瀋陽市は遼寧省の省都で、東北3省に内モンゴル自治区を加えた地域で中心的な役割を担う。城内人口は1億2000万人を突破しているとも言われており、これは中国の総人口の1割を占める規模だ。歴史的に製造業の拠点となっており、日系企業としては航天三菱(三菱自動車のエンジンを生産)などメーカーが多い。新たに開発した「渾南新区」では健康産業など次世代の成長産業の集積を計画しており、その狙いを瀋陽市副市長で同開発区のトップを勤める楊亜洲氏に聞いた。(聞き手は、坂田亮太郎=北京支局長)

Q.日本企業が瀋陽に進出するメリットは何ですか?

 中国に進出する企業にとって、3つの要素が重要となるでしょう。1つ目は、自社の製品やサービスを売り込むマーケット、2つ目が進出するためのコスト、そして3つ目が受け入れる側である地元政府の優遇政策です。

楊亜洲氏
楊亜洲氏
中共瀋陽市委常委、瀋陽市人民政府副市長、中共渾南新区区委書記

 中共瀋陽市委常委、瀋陽市人民政府副市長、中共渾南新区区委書記

 まずマーケットについてお話ししましょう。中国が改革開放政策に取り組んでから外資系企業がたくさん中国に進出しましたが、それらの企業は中国を主に生産拠点と見てきました。中国で生産した製品を日本や他の国に輸出してきたのです。

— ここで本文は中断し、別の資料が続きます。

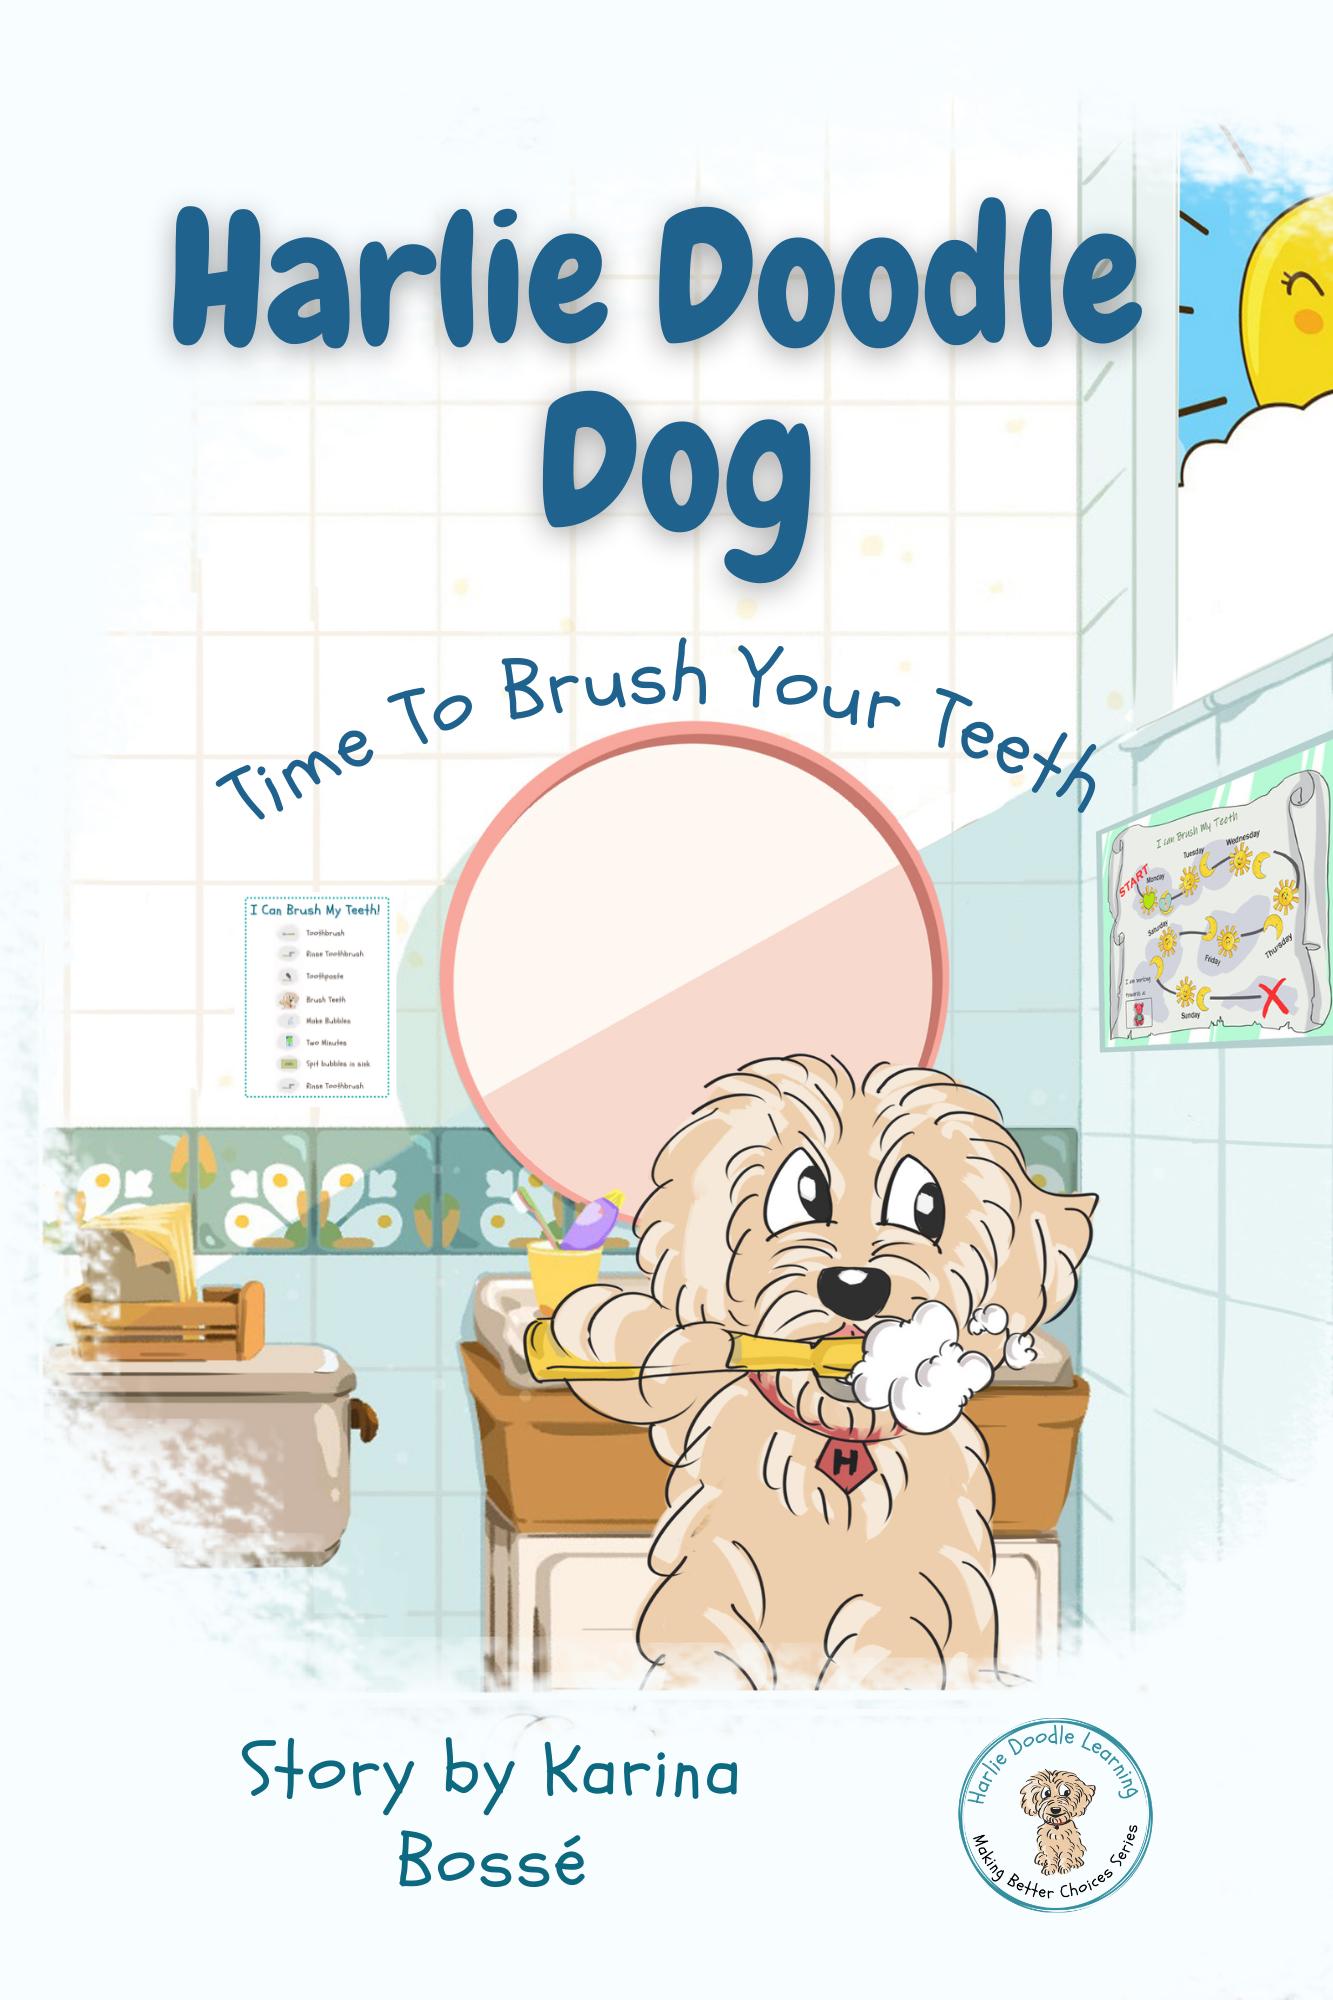 Copy-of-Harlie-Doodle-Dog-Cover-4.png

 しかし、中国が経済発展した今は状況が変わりました。自動車をはじめさまざまな商品分野で中国が世界最大の市場になっています。当然のことながら、日本企業も中国市場で売り上げを増やすことを狙っています。

 瀋陽は東北地方3省と内モンゴル自治区の周辺において中心的な役割を担う都市です。この地域の人口は1億2000万人程度を推定されており、それは中国の全人口の1割を占める規模です。これだけでも瀋陽に進出するメリットは大きいと言えるでしょう。

 瀋陽は内陸に位置するので、上海などの沿岸部の都市と違って日系企業の進出はこれまで余り多くありませんでした。その数は300社程度でしょう。大半の日系企業は瀋陽で生産した製品を、中国の国内市場向けに販売しています。有名な大企業としては三菱系の「瀋陽航天三菱汽車発動机制造有限公司」があります。この会社は三菱自動車が株式の25%を保有する合弁会社で、主に自動車用のエンジンを生産しています。

 今後、日本で企業誘致のプロモーション活動を展開する際に、航天三菱が瀋陽に進出していることを宣伝ポイントにしたいと思っています。日本の著名企業が進出した結果、日本で有名になった都市がいくつかあります。湖北省の武漢には日産自動車の合弁会社である東風日産が進出し、日本での認知度が高まりました。江蘇省の常熟にはトヨタ自動車が研究所を設置し、中国市場向けのハイブリッド車の開発に取り組んでいます。三菱自動車も日本で知名度が高いので、瀋陽の魅力が伝わることを期待しています。